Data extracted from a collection
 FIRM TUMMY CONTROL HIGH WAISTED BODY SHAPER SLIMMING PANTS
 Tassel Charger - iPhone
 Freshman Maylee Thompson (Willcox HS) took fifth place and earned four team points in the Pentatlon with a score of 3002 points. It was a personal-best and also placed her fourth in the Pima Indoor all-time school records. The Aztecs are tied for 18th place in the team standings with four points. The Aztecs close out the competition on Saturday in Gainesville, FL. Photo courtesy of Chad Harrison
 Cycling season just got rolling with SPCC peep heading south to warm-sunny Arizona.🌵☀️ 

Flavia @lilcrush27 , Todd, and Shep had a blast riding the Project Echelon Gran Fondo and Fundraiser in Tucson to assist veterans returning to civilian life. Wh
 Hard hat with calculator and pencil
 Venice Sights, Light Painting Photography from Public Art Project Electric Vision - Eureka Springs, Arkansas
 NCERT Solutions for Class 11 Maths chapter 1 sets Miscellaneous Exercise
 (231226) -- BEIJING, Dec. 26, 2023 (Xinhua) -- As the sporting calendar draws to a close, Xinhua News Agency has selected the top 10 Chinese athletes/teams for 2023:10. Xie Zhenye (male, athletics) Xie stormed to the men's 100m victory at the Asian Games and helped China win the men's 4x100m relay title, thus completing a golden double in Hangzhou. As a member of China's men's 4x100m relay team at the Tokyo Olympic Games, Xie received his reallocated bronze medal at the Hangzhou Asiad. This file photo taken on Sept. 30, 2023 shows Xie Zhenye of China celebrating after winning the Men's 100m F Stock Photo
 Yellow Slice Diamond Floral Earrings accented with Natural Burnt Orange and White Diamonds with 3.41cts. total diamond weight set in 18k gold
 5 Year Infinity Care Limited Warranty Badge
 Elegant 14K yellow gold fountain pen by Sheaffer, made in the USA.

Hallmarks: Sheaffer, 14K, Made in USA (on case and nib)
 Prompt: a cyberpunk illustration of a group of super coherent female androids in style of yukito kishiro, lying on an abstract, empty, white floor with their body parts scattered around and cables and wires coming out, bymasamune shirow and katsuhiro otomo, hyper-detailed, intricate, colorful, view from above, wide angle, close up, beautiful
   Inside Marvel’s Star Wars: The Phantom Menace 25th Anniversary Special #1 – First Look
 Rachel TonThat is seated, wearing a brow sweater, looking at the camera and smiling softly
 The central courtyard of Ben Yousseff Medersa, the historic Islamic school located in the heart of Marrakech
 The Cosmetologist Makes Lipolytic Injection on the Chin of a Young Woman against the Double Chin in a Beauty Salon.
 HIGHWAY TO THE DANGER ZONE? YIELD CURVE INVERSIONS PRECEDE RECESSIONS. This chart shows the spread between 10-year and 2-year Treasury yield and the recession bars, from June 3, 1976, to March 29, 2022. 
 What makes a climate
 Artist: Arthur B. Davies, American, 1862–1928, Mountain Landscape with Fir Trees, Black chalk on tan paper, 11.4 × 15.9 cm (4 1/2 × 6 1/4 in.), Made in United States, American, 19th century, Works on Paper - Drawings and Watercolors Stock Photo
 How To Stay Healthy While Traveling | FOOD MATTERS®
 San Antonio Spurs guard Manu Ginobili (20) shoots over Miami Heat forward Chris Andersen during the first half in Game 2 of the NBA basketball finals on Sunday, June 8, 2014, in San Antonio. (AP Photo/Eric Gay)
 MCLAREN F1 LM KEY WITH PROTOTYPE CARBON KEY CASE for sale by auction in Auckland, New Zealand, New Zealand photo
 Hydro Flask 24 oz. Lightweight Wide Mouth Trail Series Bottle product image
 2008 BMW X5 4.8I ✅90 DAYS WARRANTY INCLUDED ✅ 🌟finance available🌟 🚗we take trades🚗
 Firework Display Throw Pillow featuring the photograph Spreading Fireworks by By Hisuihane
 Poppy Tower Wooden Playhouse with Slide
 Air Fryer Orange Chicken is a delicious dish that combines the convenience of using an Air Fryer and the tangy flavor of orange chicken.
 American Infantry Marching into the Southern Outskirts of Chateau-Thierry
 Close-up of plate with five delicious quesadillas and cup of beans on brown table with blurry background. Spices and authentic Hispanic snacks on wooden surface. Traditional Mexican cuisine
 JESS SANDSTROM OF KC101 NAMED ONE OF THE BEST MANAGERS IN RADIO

● **INSTRUCTIONS TO FOLLOW**: Leave out every line above except those from the line with "(231226) -- BEIJING, Dec." up to and including the line with "What makes a climate", and copy those exactly.

● **REPLY**:
 (231226) -- BEIJING, Dec. 26, 2023 (Xinhua) -- As the sporting calendar draws to a close, Xinhua News Agency has selected the top 10 Chinese athletes/teams for 2023:10. Xie Zhenye (male, athletics) Xie stormed to the men's 100m victory at the Asian Games and helped China win the men's 4x100m relay title, thus completing a golden double in Hangzhou. As a member of China's men's 4x100m relay team at the Tokyo Olympic Games, Xie received his reallocated bronze medal at the Hangzhou Asiad. This file photo taken on Sept. 30, 2023 shows Xie Zhenye of China celebrating after winning the Men's 100m F Stock Photo
 Yellow Slice Diamond Floral Earrings accented with Natural Burnt Orange and White Diamonds with 3.41cts. total diamond weight set in 18k gold
 5 Year Infinity Care Limited Warranty Badge
 Elegant 14K yellow gold fountain pen by Sheaffer, made in the USA.

Hallmarks: Sheaffer, 14K, Made in USA (on case and nib)
 Prompt: a cyberpunk illustration of a group of super coherent female androids in style of yukito kishiro, lying on an abstract, empty, white floor with their body parts scattered around and cables and wires coming out, bymasamune shirow and katsuhiro otomo, hyper-detailed, intricate, colorful, view from above, wide angle, close up, beautiful
   Inside Marvel’s Star Wars: The Phantom Menace 25th Anniversary Special #1 – First Look
 Rachel TonThat is seated, wearing a brow sweater, looking at the camera and smiling softly
 The central courtyard of Ben Yousseff Medersa, the historic Islamic school located in the heart of Marrakech
 The Cosmetologist Makes Lipolytic Injection on the Chin of a Young Woman against the Double Chin in a Beauty Salon.
 HIGHWAY TO THE DANGER ZONE? YIELD CURVE INVERSIONS PRECEDE RECESSIONS. This chart shows the spread between 10-year and 2-year Treasury yield and the recession bars, from June 3, 1976, to March 29, 2022. 
 What makes a climate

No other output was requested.